Hoje, desperto e sóbrio, já não precisa dos calmantes extravagantes para chegar ao fim de seu dia vivo. A coragem começou a emergir de suas entranhas, como um fogo interno que já queimava seu antigo eu. Como se o silêncio o tivesse feito crescer, ele agora floresce em encontros e desenlaces, cativando com sua eloquência e sua profundidade de alma. É como se, no âmago de sua metamorfose, ele tivesse descoberto a magia contida nos fios invisíveis que entrelaçam os corações humanos.

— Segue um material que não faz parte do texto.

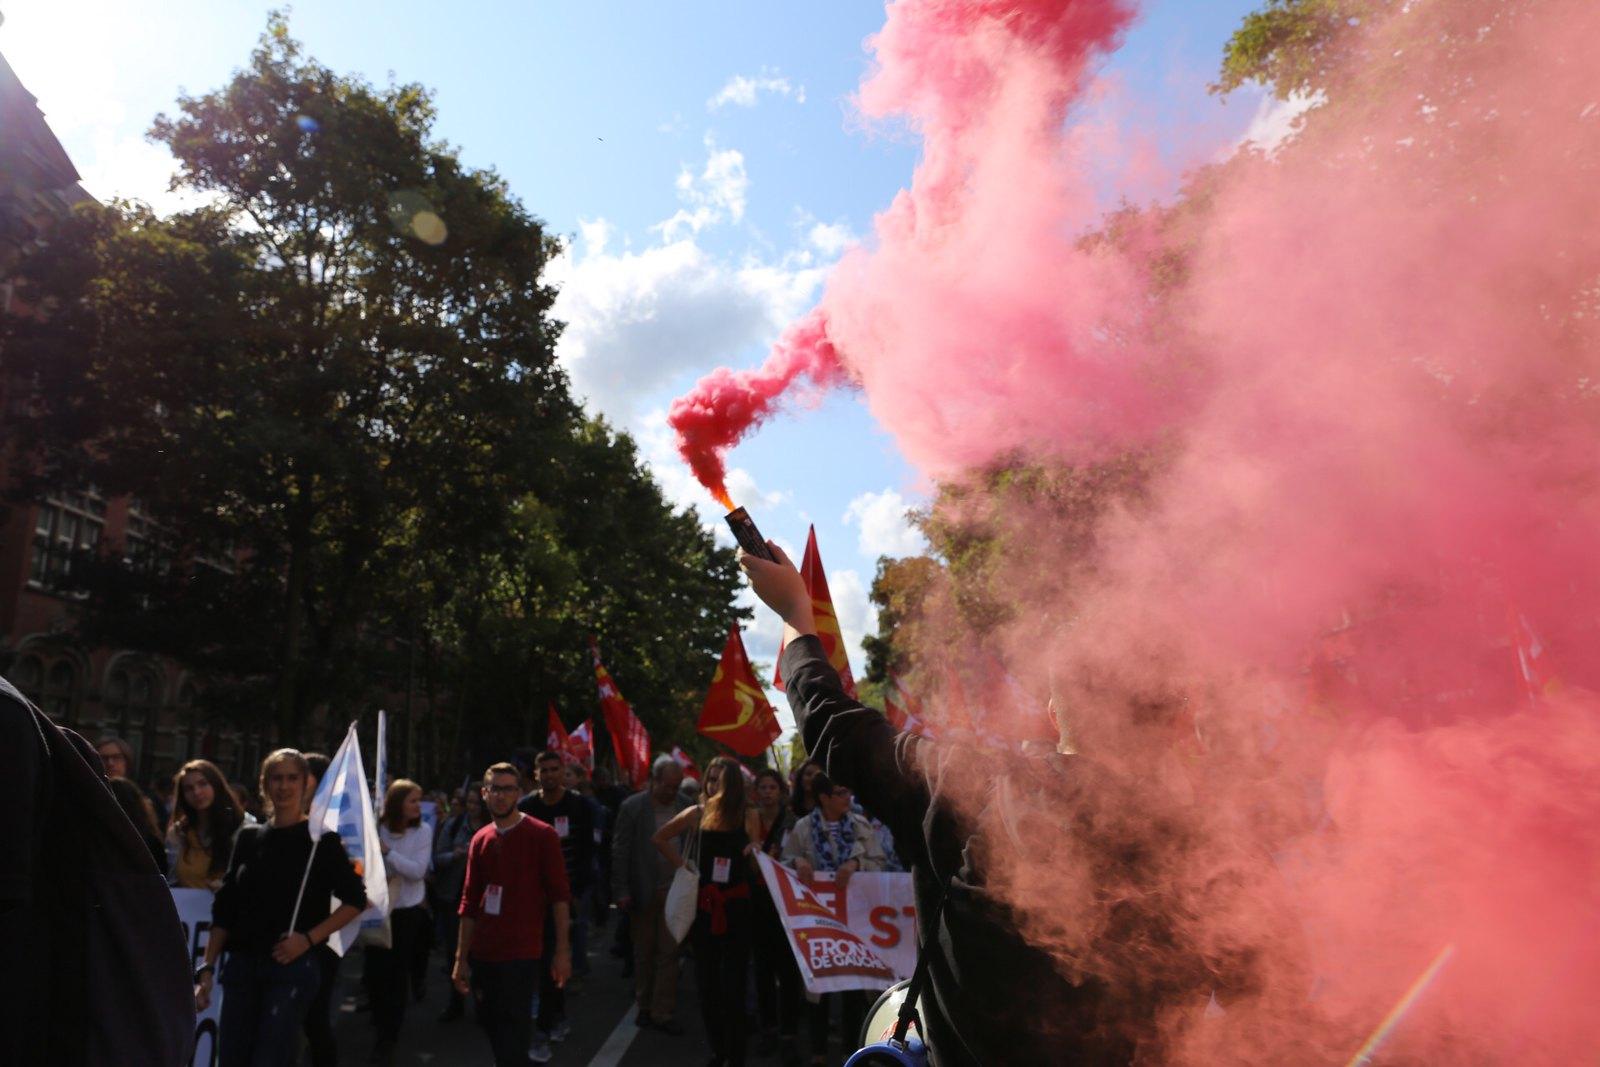 Manifestation anti loi travail Lille 12 septembre 2017

E assim ele se revela, transcendendo o tímido personagem que um dia fora, desbravando seu novo eu, fazendo da palavra o seu refúgio e do encontro uma poesia viva.

Ainda assim, ele sente falta de si, apesar de tudo está completamente confuso. Entre quem um dia ele foi e quem passa a ser agora. A incerteza paira no ar, como uma névoa densa, envolvendo seus pensamentos. A incerteza torna-se sua única certeza, e a tristeza se faz presente em cada passo adiante. A autenticidade que busca desvelar parece-se com uma miragem inatingível, uma quimera que se desfaz ao menor toque. Há um lamento sútil em tudo isso, um sopro de nostalgia que o lembra dos tempos em que a segurança do rivotril preenchia os vazios de sua existência, era como um bengala. Ele segue desamparado, mas andando com suas próprias pernas.

No fim das contas, ele se encontra perdido em uma teia de desencanto, procurando respostas em um mundo que parece cada vez mais distante e indiferente.